◆ SOURCE MATERIAL
=== Section Start ===

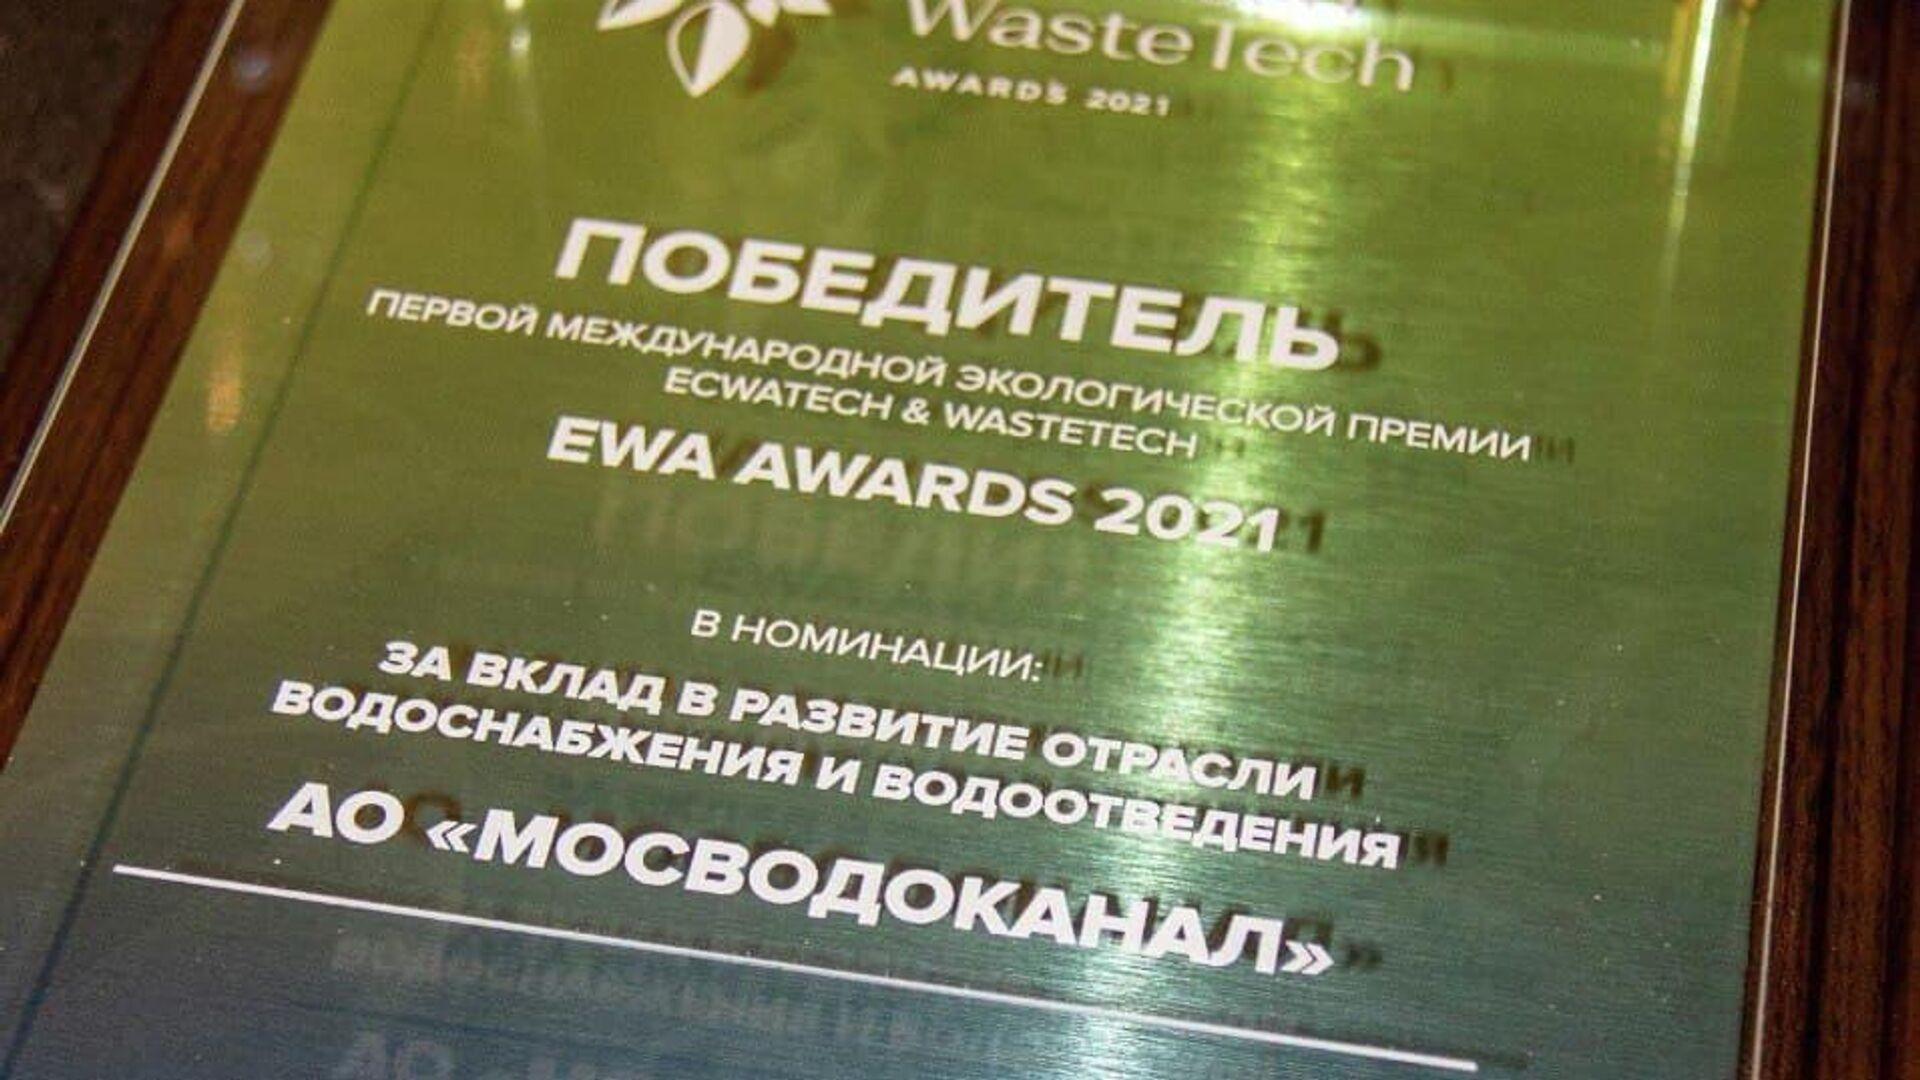 Мосводоканал получил международную экологическую премию EWA - РИА Новости, 1920, 08.09.2021
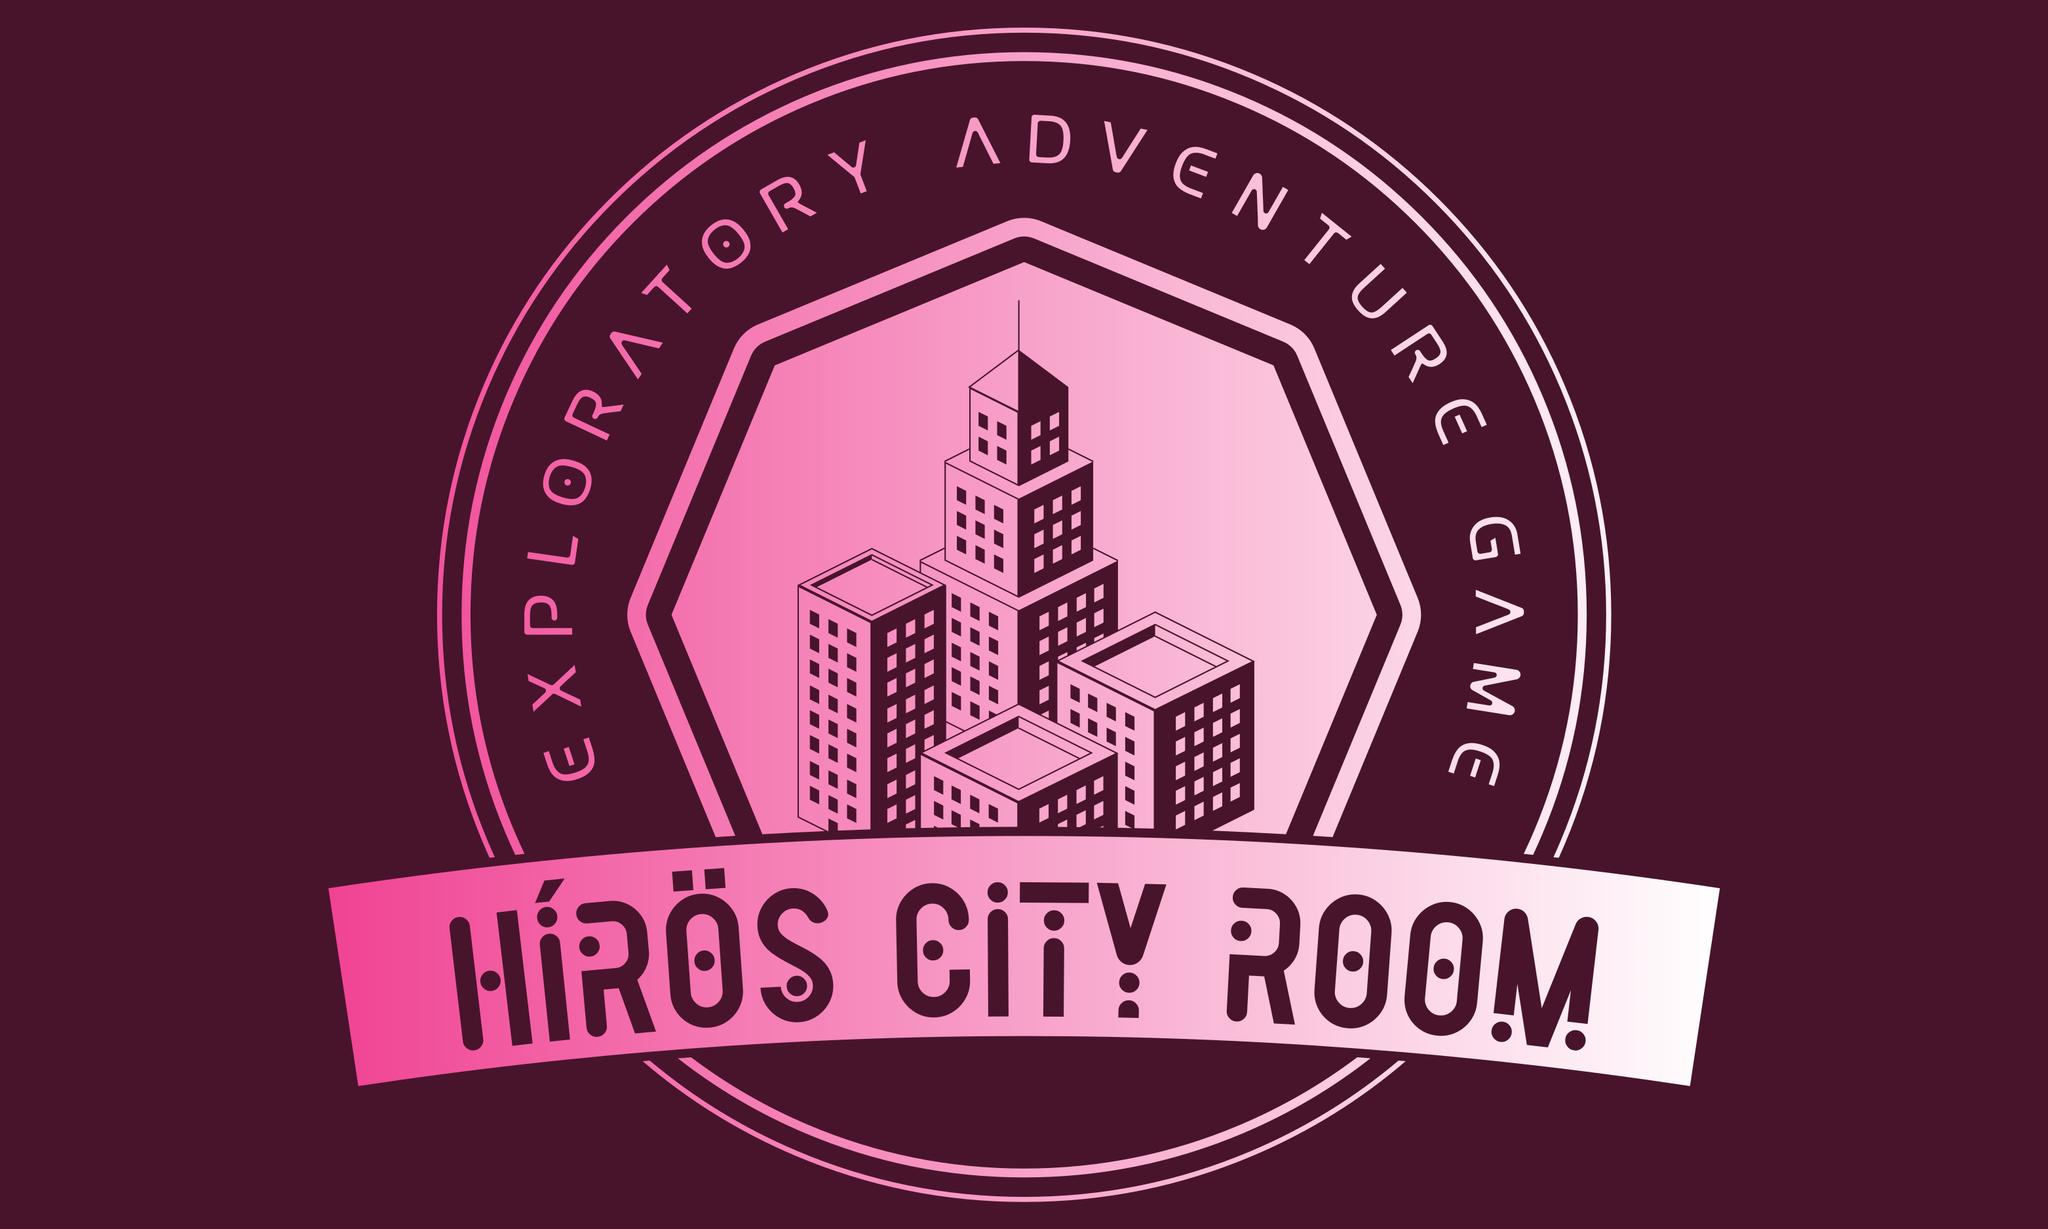 https://hirosexitroom.hu/galeria/vZWIFtm5H1A7bEIvuEfYvUcXErGjJBbB56CulK7D.png
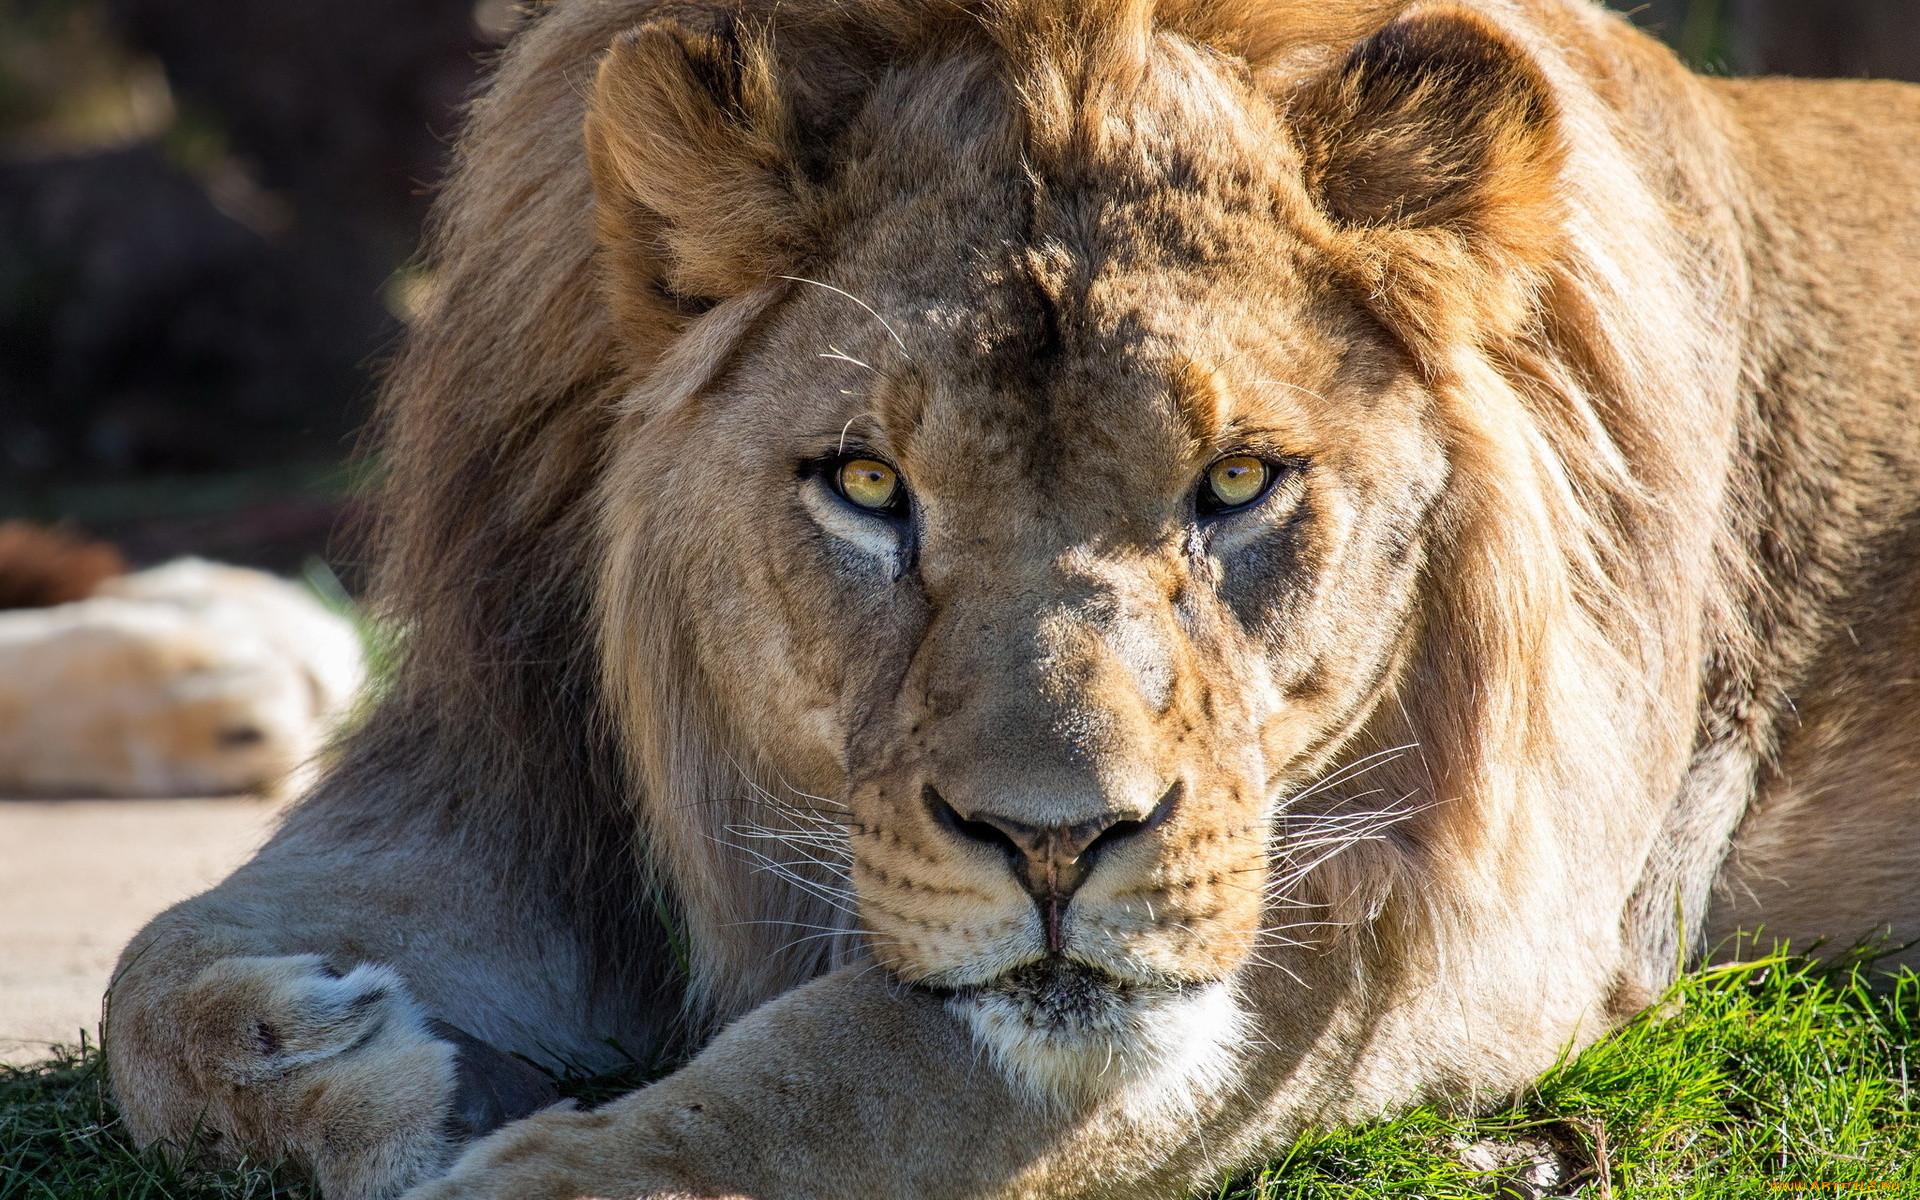 новый год картинки лев хорошего качества обладает многими положительными

=== Section End ===

◆ ASSIGNED TASK
As you output the material, omit the pictures but alter nothing else.

◆ FINISHED TASK
 Мосводоканал получил международную экологическую премию EWA - РИА Новости, 1920, 08.09.2021
 https://hirosexitroom.hu/galeria/vZWIFtm5H1A7bEIvuEfYvUcXErGjJBbB56CulK7D.png
 новый год картинки лев хорошего качества обладает многими положительными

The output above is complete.